Earth. No matter how far afield they wandered, humanity still called everything beyond their home planet "offworld," away from Earth. It was the remote habitable point in the solar system away from their little corner of Pluto possible. Shipping anything that far was tedious and expensive; ordering something alive from that green ball was quixotic. Forbes was not a foolish, whim-driven man. He managed mining operations with the steady dexterity of a diamond. This kind of fancy was the sort his relatives would pounce on as yet another example of how that upstart girl from the south plains had warped his thinking. Perhaps they were right.

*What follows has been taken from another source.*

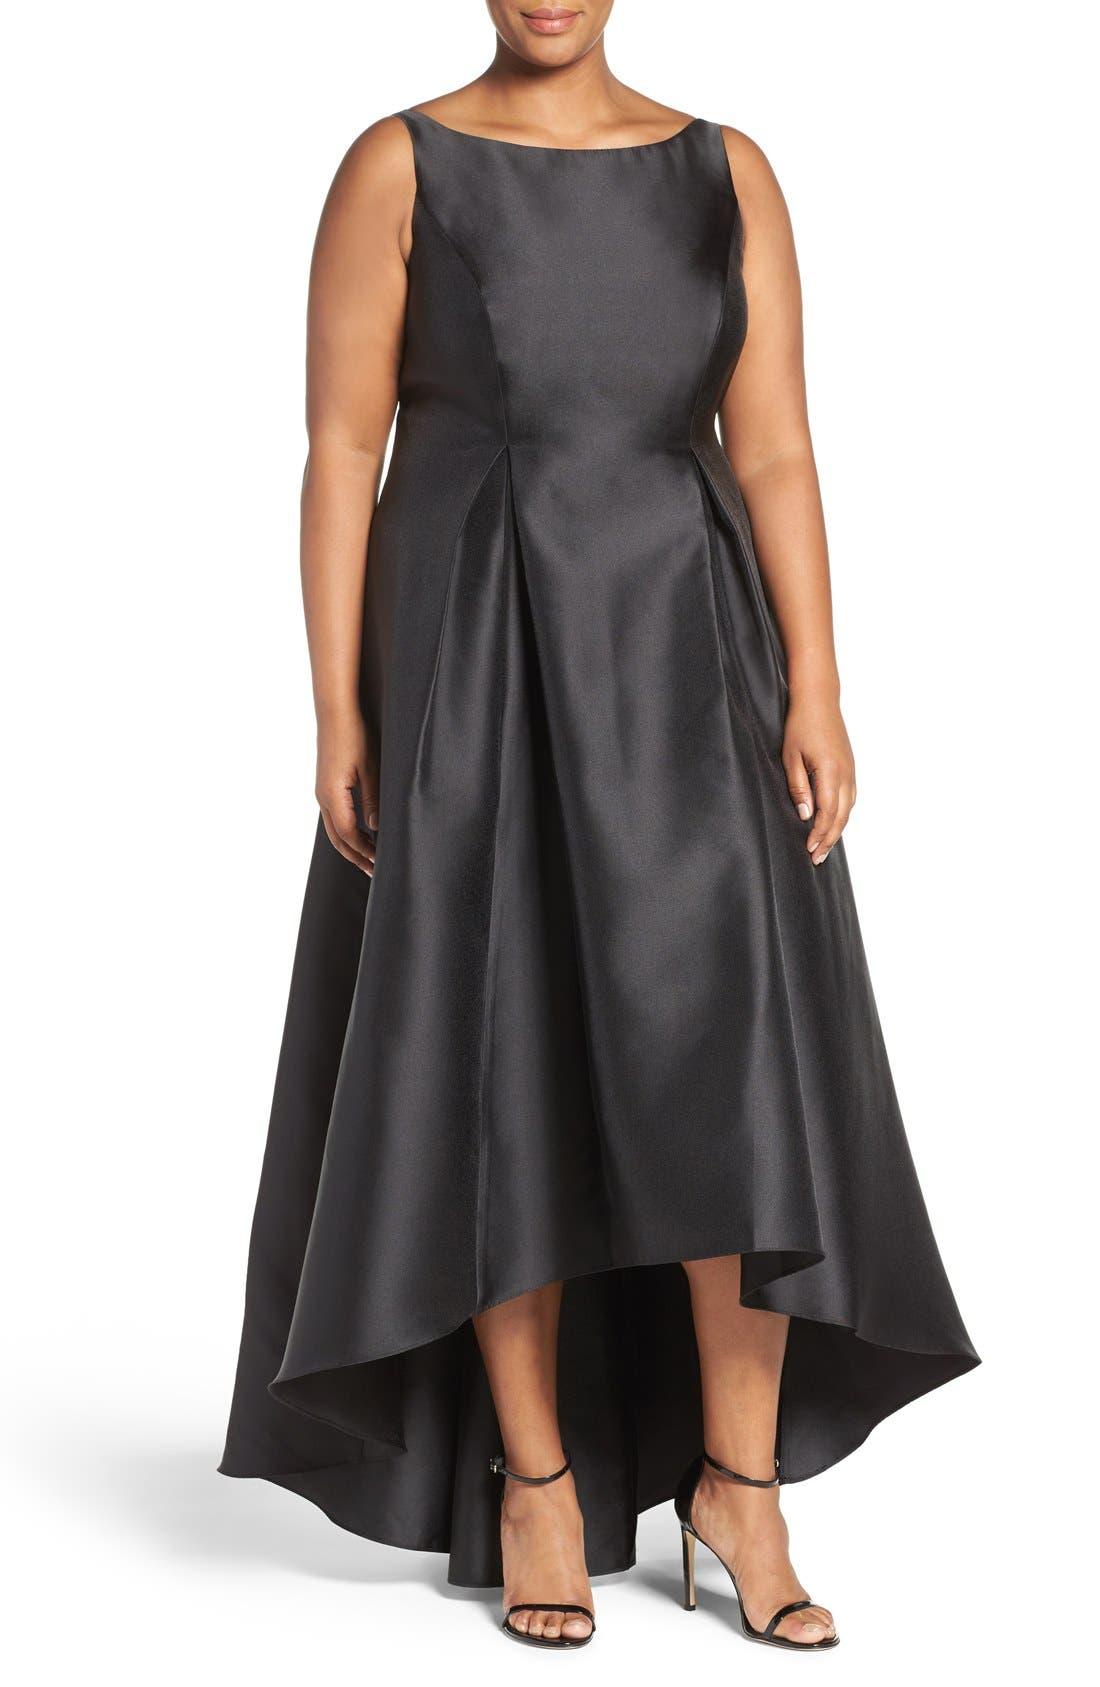 Alternate Image 1 Selected - Adrianna Papell Arcadia Sleeveless High/Low Mikado Ballgown (Plus Size)

There were any number of questions she felt like pelting him with. She finally settled on, "Why?"
He actually picked one of the petals and held it up to her. "I was looking into different flowers to add to the garden, after so many didn't survive. This one made me think of you." It was true, the tone really did echo her own downy honey curls, though the blossom had more vibrant yellows and a strain of orange.
It was, in fact the same shade as her uncle's. The only other member of her family to sport that color hair had been her great-great-grandmother. That woman left a small South African village in the hills to take a journey across the stars, marrying a man she'd only met virtually, on the promise that something better waited on a planet barely deserving the title. Family legend claimed she brought seeds but they either didn't mature or never existed, their only progeny a few magical words handed down in an old dialect. Names like pampoen and suikerbos, pumpkin and sugarbush. Elindale didn't even remember telling him the story.
They compromised on a place of honor for the shrub, right by the main hallway, impossible to miss but tucked out of the way. For all the plant guzzled water like the extravagance it was, it also gave off a healthy amount of oxygen, enough to balance out the meter. There were a few pointed words about waste from the grand dame of the family, but most of Forbes's other relatives were quite willing to avoid such quibbles in exchange for blossoms or seedlings of their own. She started calling it the "giving bush," and the name stuck. It proved a hit at Christmas. Their homemade wreaths kept well past the floral fad, and Elindale still enjoyed her gift long after the planet turned to wood carvings as an even more impractical house decoration.
Almost everyone marveled at how generous her husband was to import the large, rare flower. They congratulated her luck to keep such an important man in her life.
She kept to herself how important it was to have a thoughtful one, too.